For enhancing the mESC PLAC-seq data, the performance of HiCPlus, HiCNN2 and DeepHiC using models trained on the GM12878 HiChIP data was comparable to or even slightly better than using models trained on the mESC PLAC-seq data (Supplementary Figures S19S21, see Supplementary Data available online at https://academic.oup.com/bib). Specifically, for HiCPlus and HiCNN2-1, the two sets of models were nearly indistinguishable in terms of enhancing the mESC PLAC-seq data (left and middle panels of Supplementary Figures S19S21, see Supplementary Data available online at https://academic.oup.com/bib). Interestingly, DeepHiC achieved even slightly better performance when using models trained on the GM12878 HiChIP data (right panel of Supplementary Figures S19S21, see Supplementary Data available online at https://academic.oup.com/bib). One plausible reason is that the models for all three methods are originally developed and fine-tuned for the GM12878 Hi-C data.

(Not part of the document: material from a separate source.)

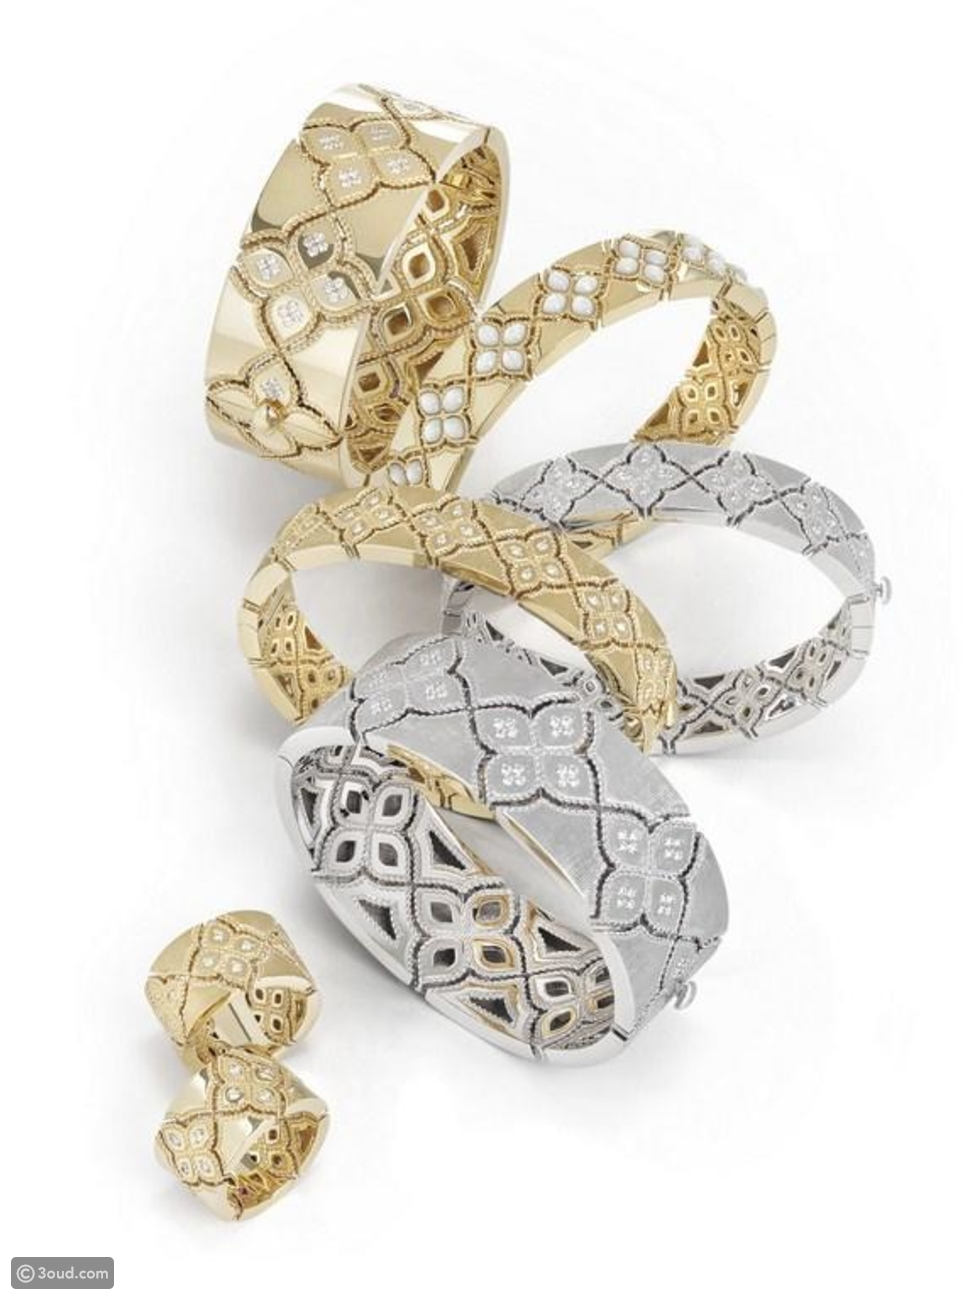 مجوهرات Venetian Princess قصّة خيالية من عالم روبيرتو كوين

Encouraged by the promising transferability results between mESC H3K4me3 PLAC-seq data and GM12878 Smc1a HiChIP data, we proceeded with transferability assessment across more cell types. Since HiCNN2-1 and HiCPlus achieved similarly best transferability performance, we presented only HiCNN2-1 results for brevity. Specifically, we enhanced 0.125 downsampled HP data for each of the six cell types [namely, GM12878 and mESC, and four human brain cell types (19]) including RG, IPCs, excitatory neurons (eN) and interneurons (IN)] using models trained from the corresponding cell type as well as using models trained from each of the other five cell types. For training and testing, we used the same chromosome splitting as illustrated in Figure 1. Results shown in Figure 8 and Supplementary Figures S22 and S23 (see Supplementary Data available online at https://academic.oup.com/bib) further support that the models learned are transferable across cell types. Specifically, Pearson correlation coefficients are almost indistinguishable when enhanced with models trained from the matching cell type or from other cell types (Figure 8 and Supplementary Figure S22, see Supplementary Data available online at https://academic.oup.com/bib), and all the models lead to similar performance in 3D peak calling (Supplementary Figure S23, see Supplementary Data available online at https://academic.oup.com/bib). For example, to detect chromatin interactions in IN, 0.125 downsampled PLAC-seq data (before any enhancement) had essentially no power at all (sensitivity to detect IN of IN-specific 3D peaks is 0.00, left most bars labeled ‘Baseline’ in Supplementary Figure S23C and G, see Supplementary Data available online at https://academic.oup.com/bib); in contrast, enhanced RG data using models trained with IN data resulted in a sensitivity of 0.49 (or 0.48) for IN (or IN-specific) 3D peaks (magenta bars in Supplementary Figure S23C and G, see Supplementary Data available online at https://academic.oup.com/bib); similarly and importantly, enhanced IN data using models trained with data in any of the other five cell types resulted in a comparable sensitivity of 0.47–0.59 (or 0.43–0.63) for IN (or IN-specific) 3D peaks (blue bars in Supplementary Figure S23C and G, see Supplementary Data available online at https://academic.oup.com/bib).

Figure 8.

Figure 8

Model transferability when enhancing two neural cell types. All results are from HiCNN2-1 models. We test (i.e. perform enhancement) on two cell types: IN (left subfigures A and C) and IPC (right subfigures B and D), with a downsampling ratio of 0.125. The enhancement models are trained using HP data from each of the following six cell types: IN, IPC, RG, eN mESC or GM12878. The gray line represents the baseline (i.e. low-depth data without any enhancement).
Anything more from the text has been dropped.